I'm doing a problem, where I've reduced the problem to seeing if this claim holds: suppose $R$ has lebesgue outer measure zero. Then $m(D\setminus R)=m(D)$.
For one direction, I just used monoticity of the integral, since $D\setminus R\subset D\implies m(D\setminus R)\leq m(D)$, but am having trouble proving the reverse inequality.
I feel like it's really obvious and I'm just not seeing it. -_-
On
Your question mentions Lebesgue outer measure, and you didn't state explicitly whether $m$ is assumed to be Lebesgue measure, or Lebesgue outer measure.
The answer given by avs assumes that $m$ is additive on disjoint sets, which is only guaranteed to be true if $m$ is Lebesgue measure (and therefore $D$ is implicitly assumed to be Lebesgue measurable).
But the result is in fact true if $m$ is Lebesgue outer measure and $D$ is an arbitrary subset of $\mathbb R$ (or $\mathbb R^d$).
Proof:
As you noted, the inequality $$m(D \setminus R) \leq M(D)$$ follows immediately from monotonicity since $D \setminus R \subset D$.
For the opposite inequality, first note that $D = (D \setminus R)\cup(D \cap R)$. Then by subadditivity, $$m(D) \leq m(D \setminus R) + m(D \cap R).$$ Now observe that $D \cap R \subset R$, so by monotonicity, $$m(D \cap R) \leq m(R) = 0.$$ Putting these inequalities together gives us $$m(D) \leq m(D \setminus R) + m(D \cap R) \leq m(D \setminus R) + m(R) \leq m(D \setminus R)$$ as desired.
The intersection $D \cap R$ is contained in $R$, hence has (Lebesgue) measure zero.

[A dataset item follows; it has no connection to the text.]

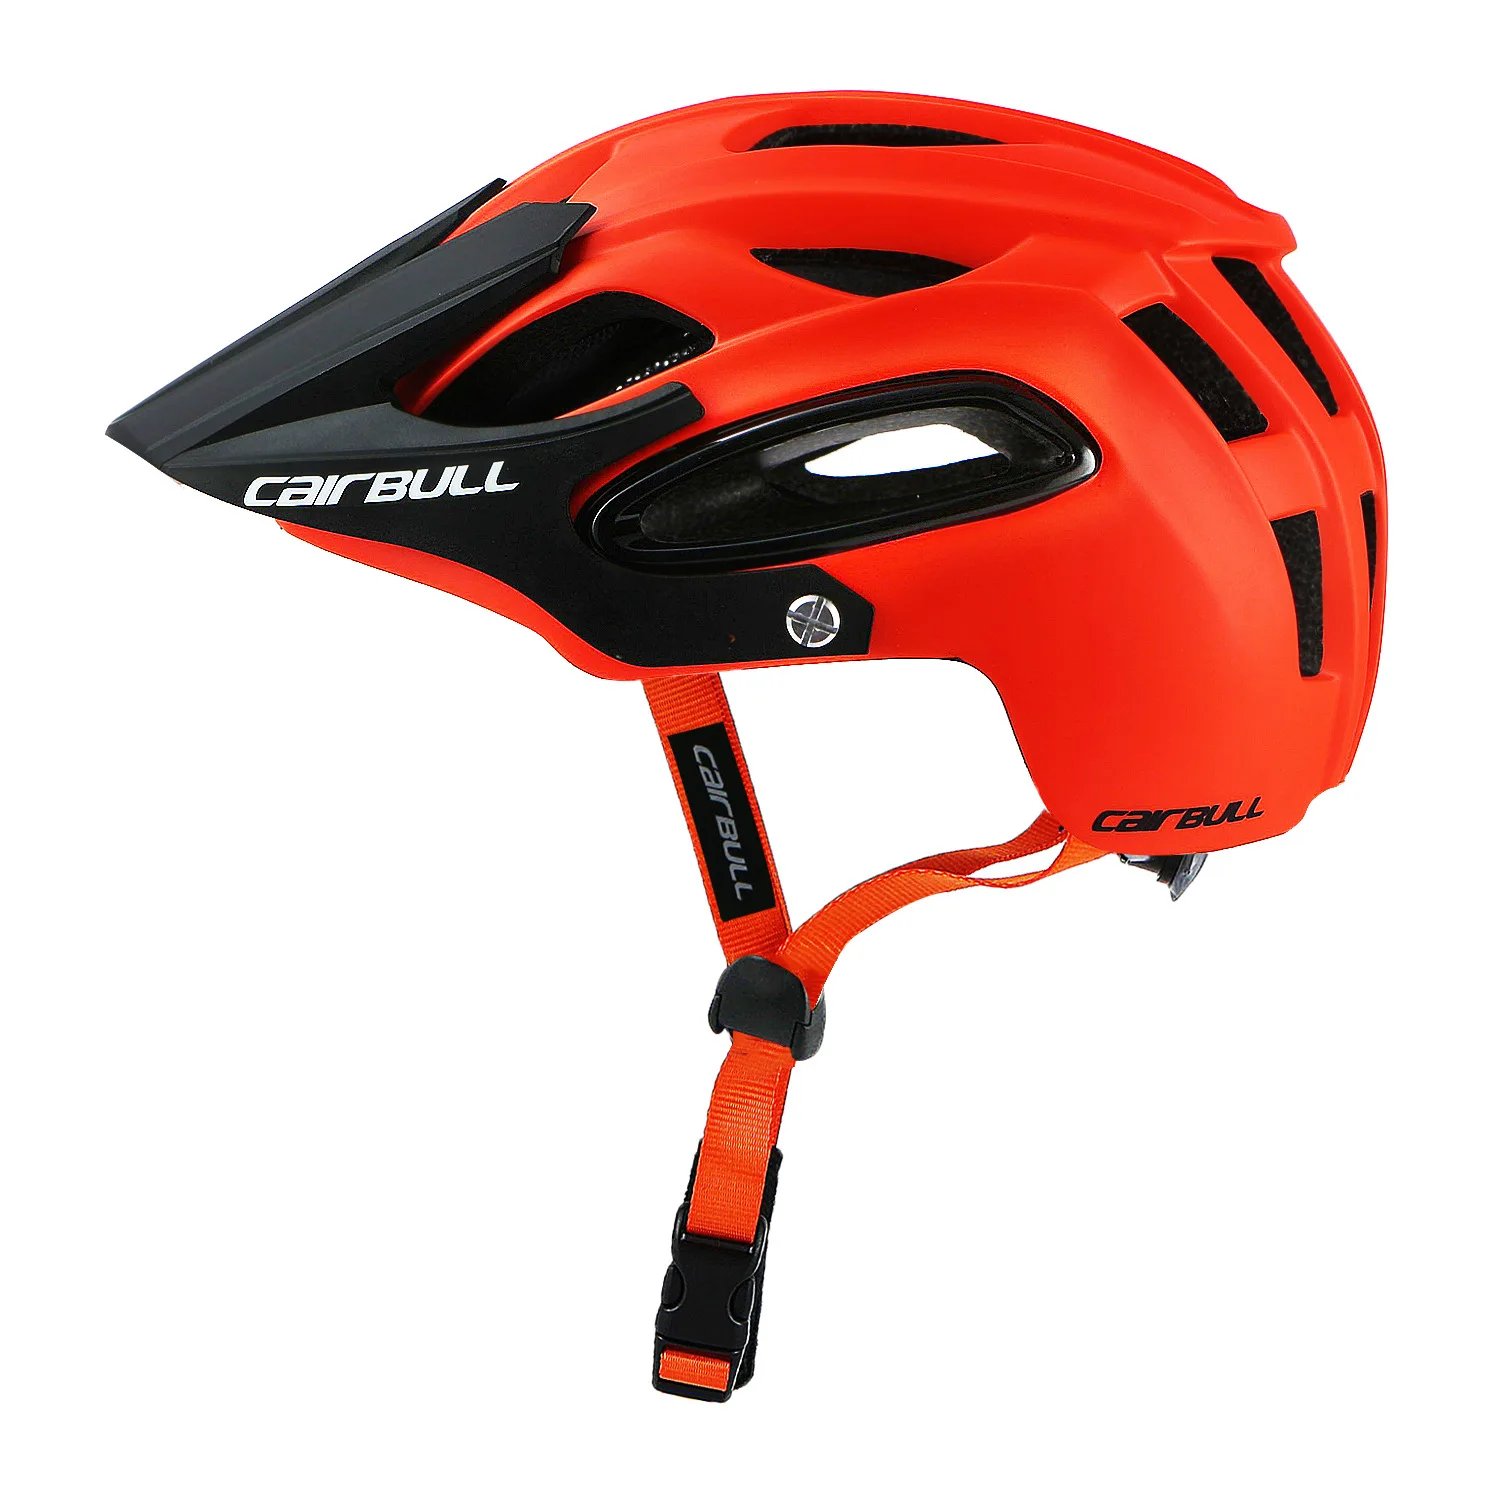 CAIRBULL спортивный велосипедный гоночный шлем дополнительный цвет горный шоссейный велосипедный шлем с запасной подкладкой цельное литье - Цвет: Orange red

Now, $D \setminus R = D \setminus (D \cap R)$, so $$ m(D \setminus R) = m(D \setminus (D \cap R) ) = m(D) - m(D \cap R) = m(D). $$
P.S. There is plenty of bad literature on measure theory, and the one and only book I would recommend is Vulikh's Brief Course in the Theory of Functions of a Real Variable.